Codex CLI (OpenAI): A screenshot shows a “usage limit” interruption that offers to switch to gpt-5.1-codex-mini for lower credit usage and includes a concrete retry time (“Jan 22nd, 2026 6:41 PM”), as shown in the [limit prompt](t:688|Limit prompt).

This indicates Codex CLI is actively nudging users toward a cheaper/faster fallback model under backpressure, instead of failing silently.
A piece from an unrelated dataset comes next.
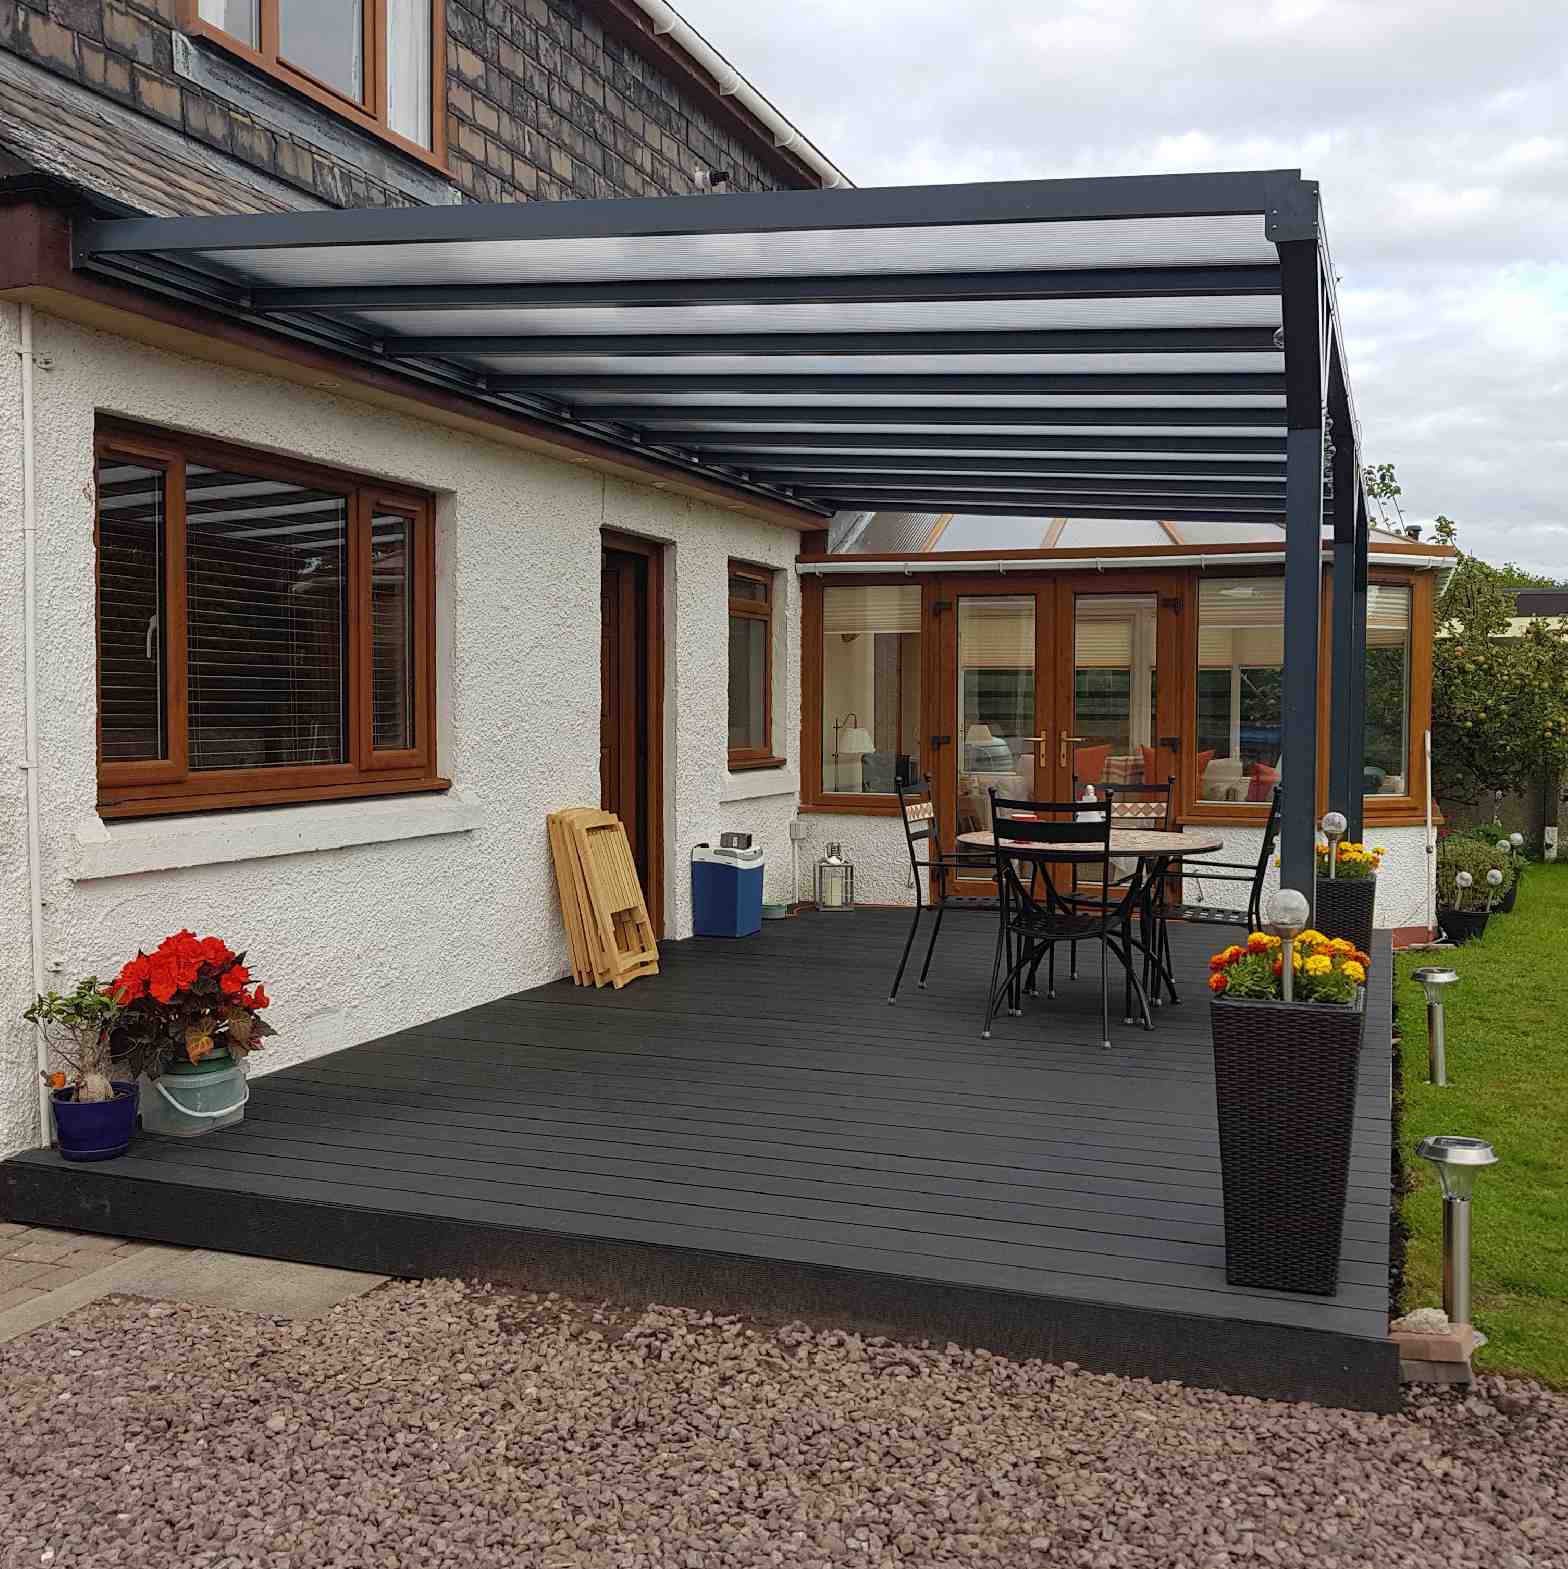 Buy Omega Verandah, Anthracite Grey, 16mm Polycarbonate Glazing - 12.0m (W) x 3.0m (P), (5) Supporting Posts online today

Codex power-user wishlist focuses on speed, memory, and long-task autonomy

Codex (OpenAI): A detailed wishlist lays out what heavy users want next: faster responses “keep the quality,” version-aware web search, fewer “continue/what’s next” stalls on long tasks, persistent project memory, better default test strategy, tool/turn status events, an automatic review pass, and screen/video replay debugging—see the [Codex wishlist](t:179|Codex wishlist). It’s a tight snapshot of where Codex friction still shows up in day-to-day shipping.

A smaller but notable add-on is that Codex can “reject creative ideas,” requiring persuasion, per the [behavior note](t:536|Behavior note).

Altman says OpenAI will deliver faster and smarter soon

Codex/ChatGPT speed (OpenAI): Sam Altman claims OpenAI will deliver “a higher level of intelligence while also being much faster soon,” as captured in the [Altman speed quote](t:70|Altman speed quote).

Some observers are already attributing the “faster” part to infrastructure partnerships (e.g., the [Cerebras speculation](t:75|Cerebras speculation)), but there’s no confirmed mechanism in the tweets.

Builders argue speed matters more than extra intelligence for sync coding

Speed vs intelligence (coding agents): One argument claims synchronous coding hits diminishing returns at a level where “>95%” of quick queries won’t improve much with smarter models, and that more intelligence mostly helps async, multi-hour tasks—see the [speed threshold post](t:84|Speed threshold post). Short sentence.

This framing lines up with Codex-centric UX asks that prioritize iteration latency (faster loops, fewer stalls) over pushing only for higher reasoning depth.

Conductor brings back Codex thinking levels control

Conductor (Codex UI): Conductor says it “brought back codex thinking levels,” showing a three-step selector—Basic, Advanced, Expert—in the [thinking levels clip](t:352|Thinking levels clip).

This is a concrete ergonomics knob for teams balancing latency vs depth during interactive coding sessions.

OpenAI starts public feedback intake for Codex 5.3

Codex (OpenAI): Sam Altman explicitly asks what’s working and what should improve in “5.3,” using a direct reply prompt to gather user feedback at scale, as shown in the [5.3 question](t:9|5.3 question). It’s a concrete signal that Codex 5.3 is being scoped with practitioner input rather than only internal benchmarks.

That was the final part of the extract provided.